**What needs to be done**
From the listing below, please restate exactly the lines beginning at the one with "Pengabdian masyarakat Fakultas" and ending at the one with "compatibilitate video in", both included, and skip the pictures.

**Source material**
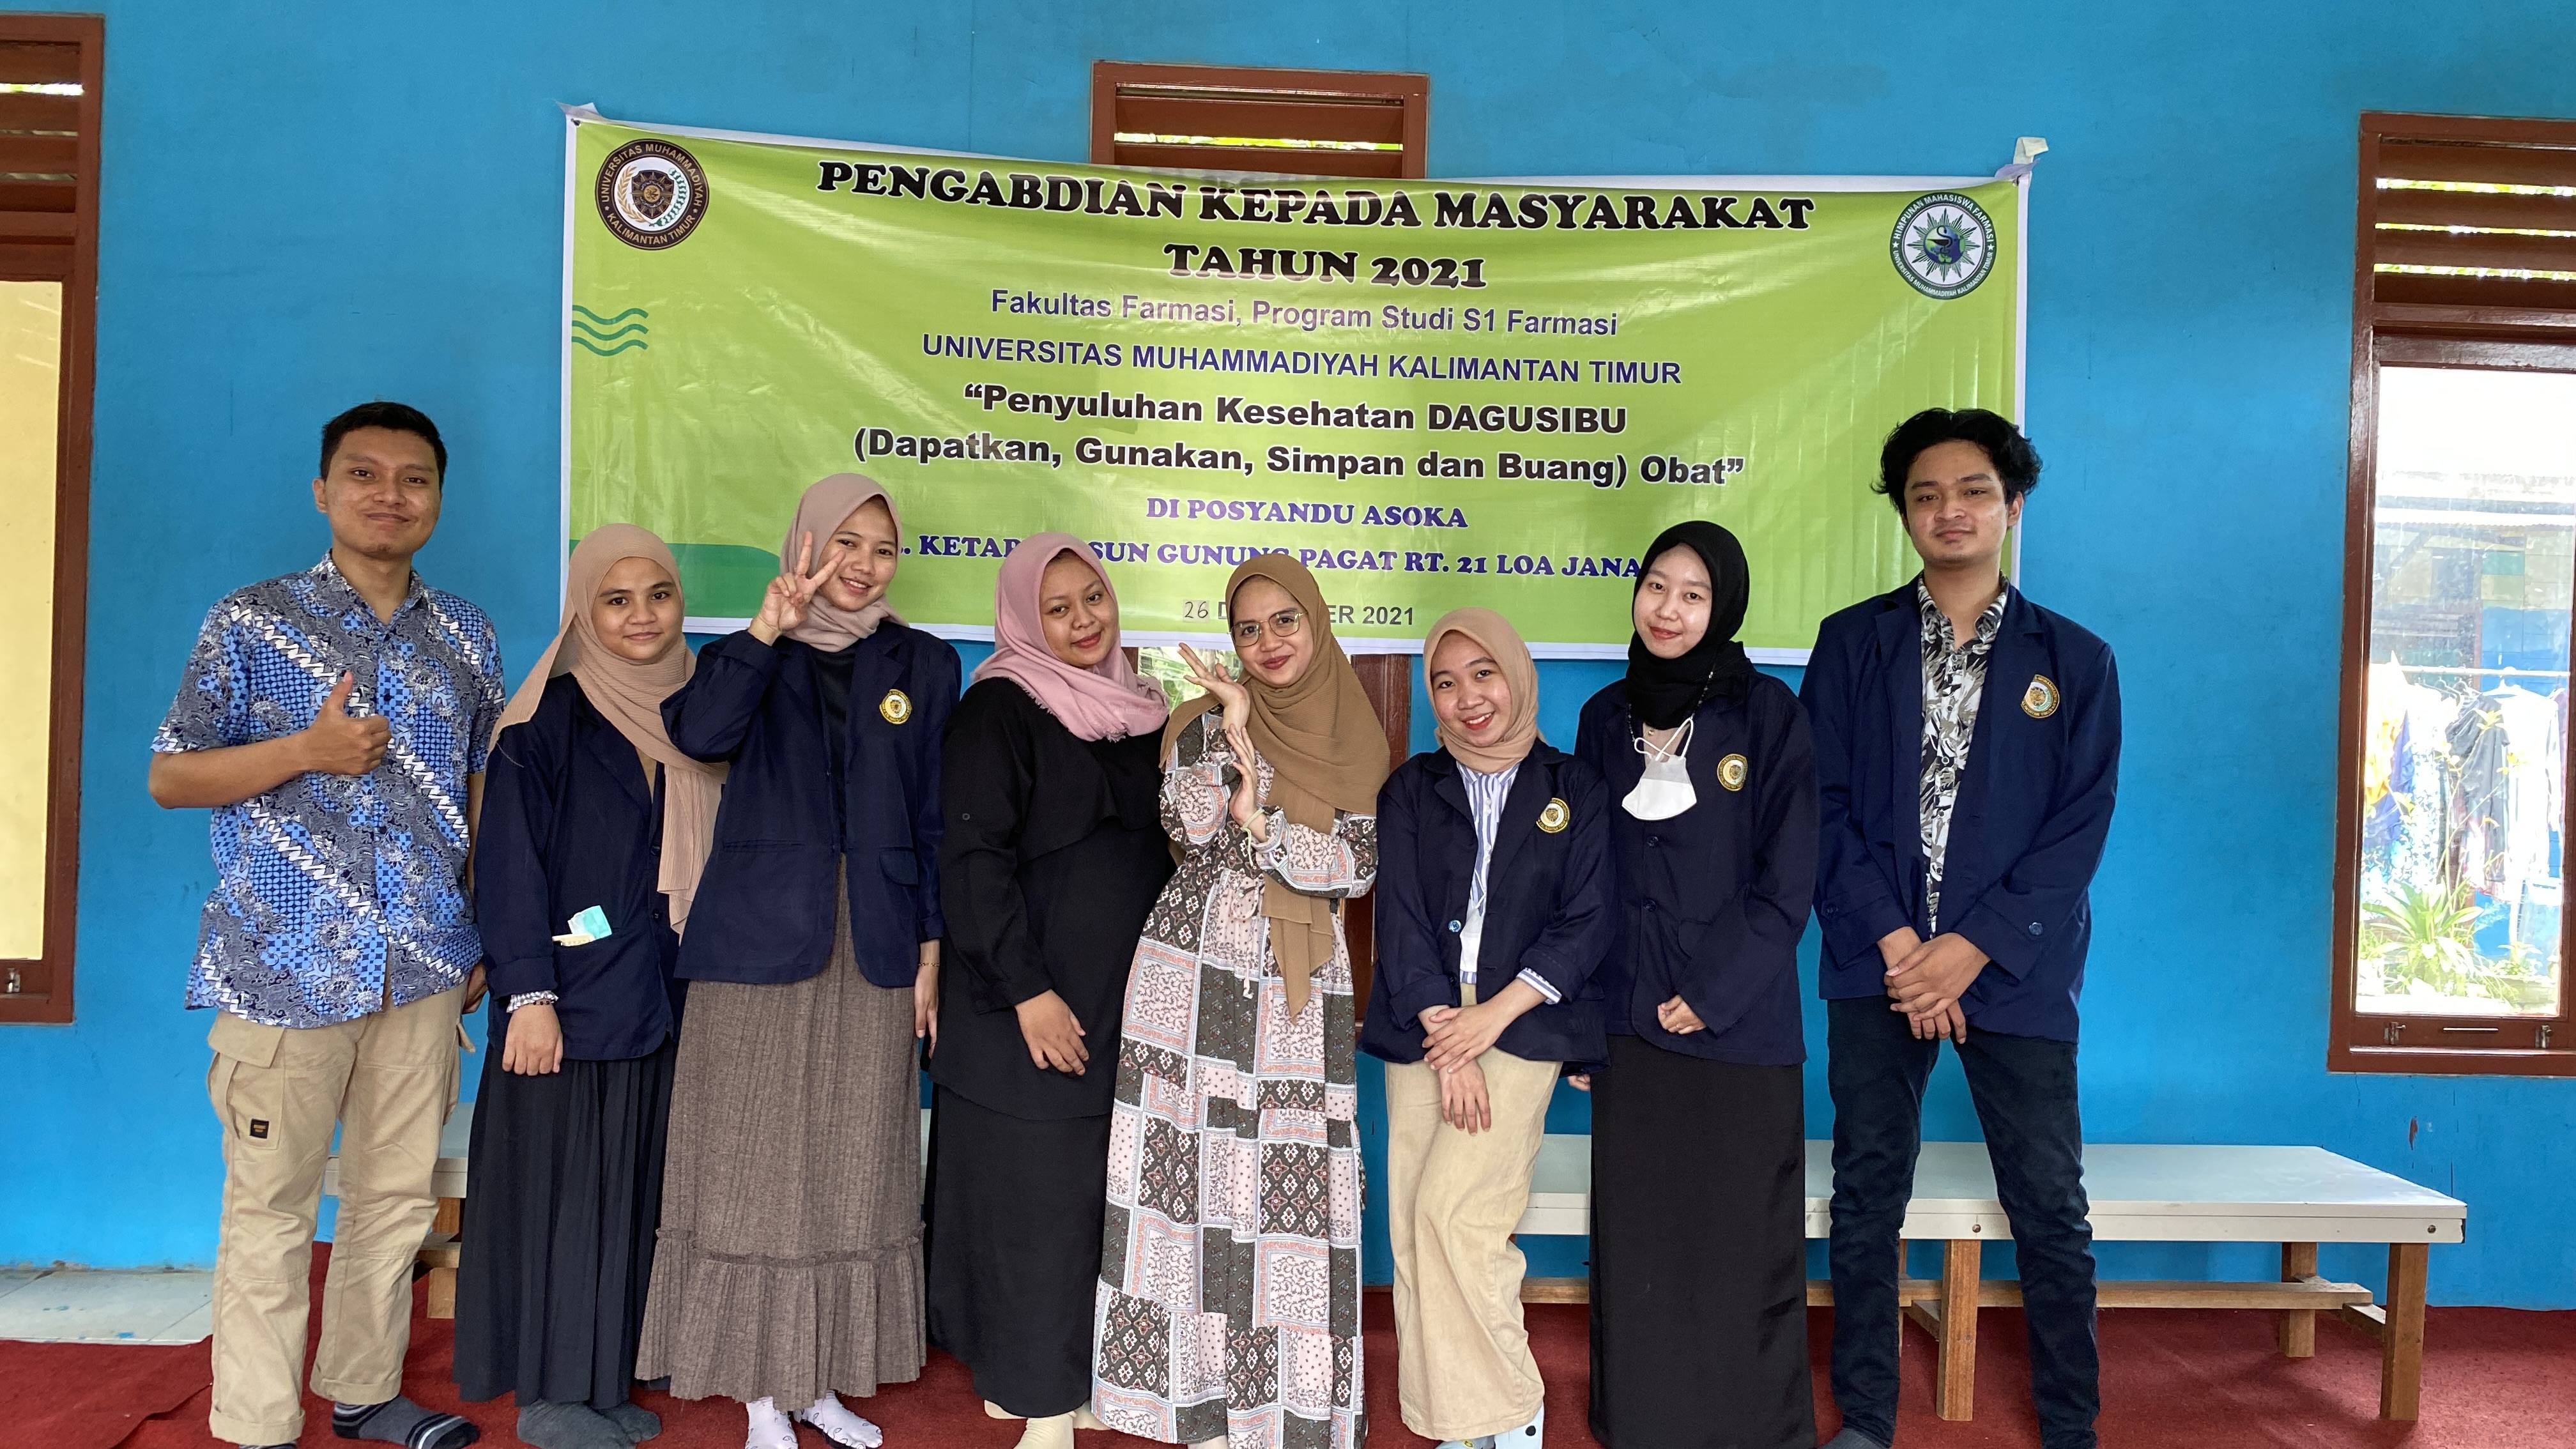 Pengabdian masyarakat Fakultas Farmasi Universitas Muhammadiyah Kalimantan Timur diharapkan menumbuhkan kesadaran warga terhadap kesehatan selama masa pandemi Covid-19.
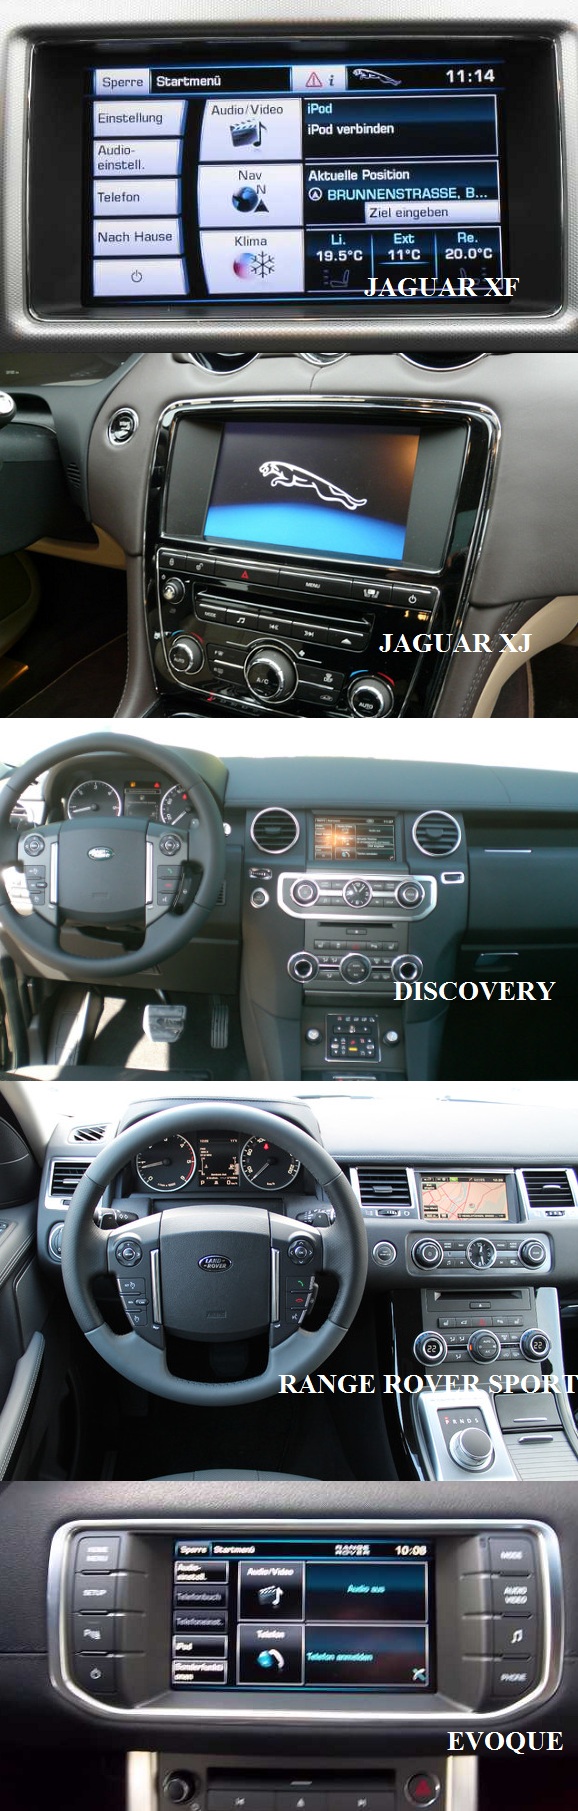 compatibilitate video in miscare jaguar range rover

---

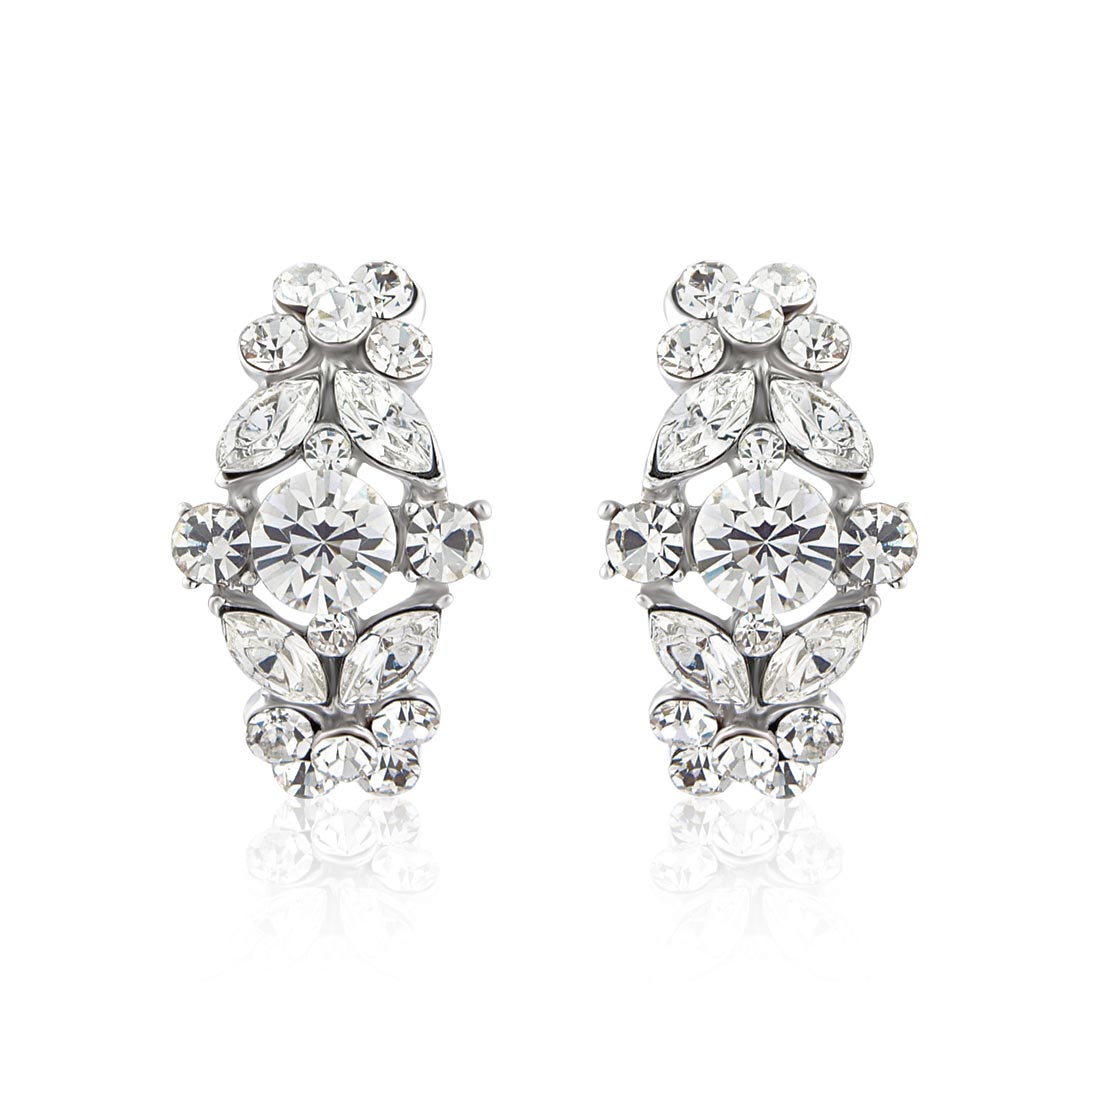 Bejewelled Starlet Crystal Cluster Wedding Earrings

**Exercise output**
 Pengabdian masyarakat Fakultas Farmasi Universitas Muhammadiyah Kalimantan Timur diharapkan menumbuhkan kesadaran warga terhadap kesehatan selama masa pandemi Covid-19.
 compatibilitate video in miscare jaguar range rover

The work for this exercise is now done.